The 2024 Republican National Convention is an event in which delegates of the United States Republican Party will select the party's nominees for president and vice president in the 2024 United States presidential election. It is planned to be held at the Fiserv Forum in Milwaukee, Wisconsin.

Site selection 

On January 7, 2022, a spokesperson for the Republican National Committee said that four potential host cities have been selected for the 2024 convention: Milwaukee, Nashville, Pittsburgh and Salt Lake City. Milwaukee was the host city for the 2020 Democratic National Convention, whose events had largely been held virtually and outside of Milwaukee due to the COVID-19 pandemic. Milwaukee and Pittsburgh are both located in key swing states (Wisconsin and Pennsylvania, respectively) that have both played a significant role in determining the winner of the Electoral College in recent elections, while Nashville and Salt Lake City are both the respective state capitals of Tennessee and Utah, which have been reliably Republican states throughout most of the previous half-century (even though the capital cities themselves are considered Democratic strongholds within their states). From 2008 through the 2020 election, both the Democratic Party and Republican Party have only held their conventions in swing states. Houston had previously taken steps towards bidding, but decided against it due to conflicts with other scheduled events at venues. Other locations that had, at one point, had an interest in hosting, but which ultimately did not bid, included Columbus, Las Vegas, San Antonio, and the state of Georgia. Kansas City, Missouri had made a formal bid, but withdrew their bid in late December 2021, prior to the finalist cities being named.

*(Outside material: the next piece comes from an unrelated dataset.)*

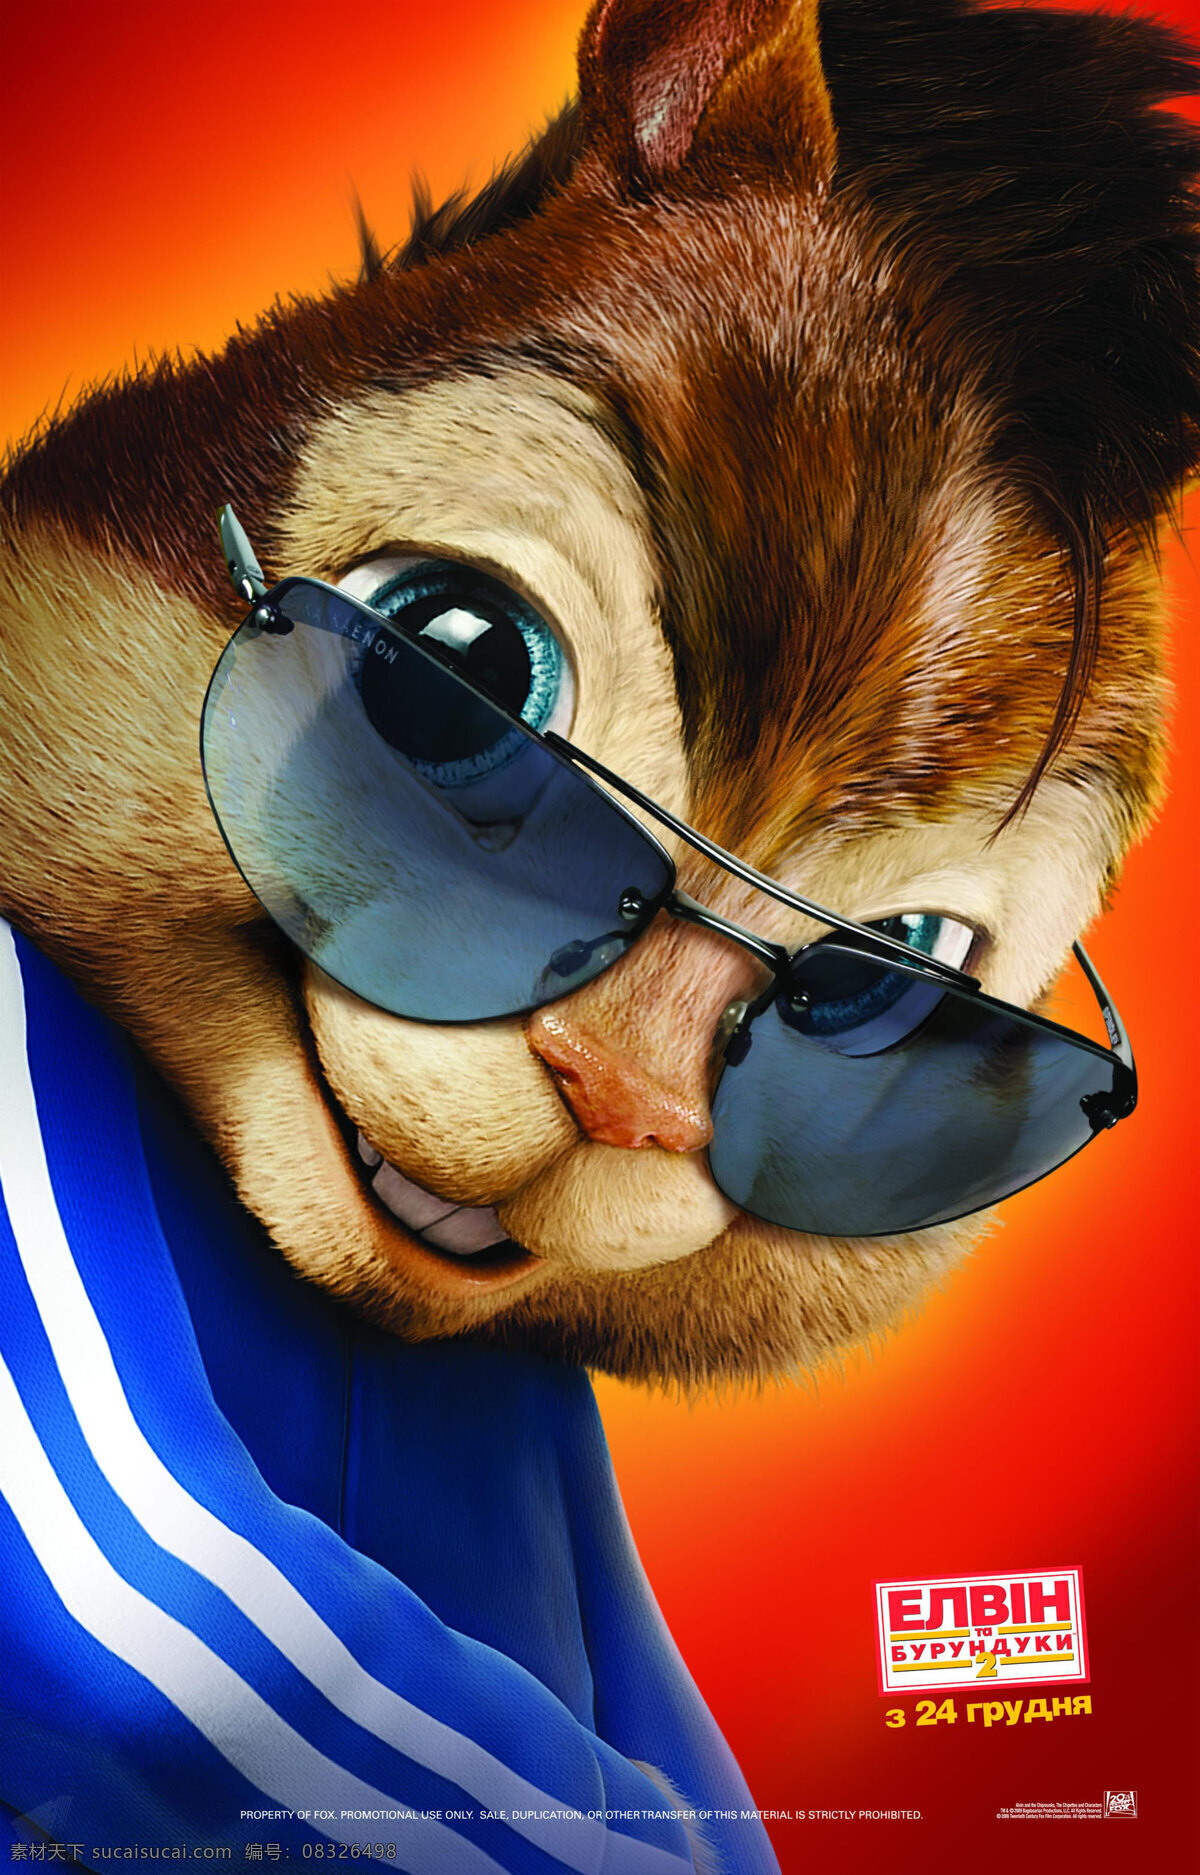 鼠来宝2 高清晰海报 角色版 艾尔 文 花 栗 鼠 花鼠 明星 俱乐部 艺高鼠胆大 好莱坞 梦工厂 卡通 动画 可爱 美国 3d动画 电影海报 影视娱乐 文化艺术

On February 4, 2022, Pittsburgh's bid committee announced that their bid had been eliminated from further consideration. In early March 2022, Salt Lake City was eliminated by the Republican National Committee, leaving Milwaukee and Nashville as the two remaining finalist bid cities.

On July 15, 2022, a site selection committee unanimously voted to recommend Milwaukee as the site of the convention over Nashville. The Republican National Committee voted for Milwaukee during its early August 2022 meeting in Chicago.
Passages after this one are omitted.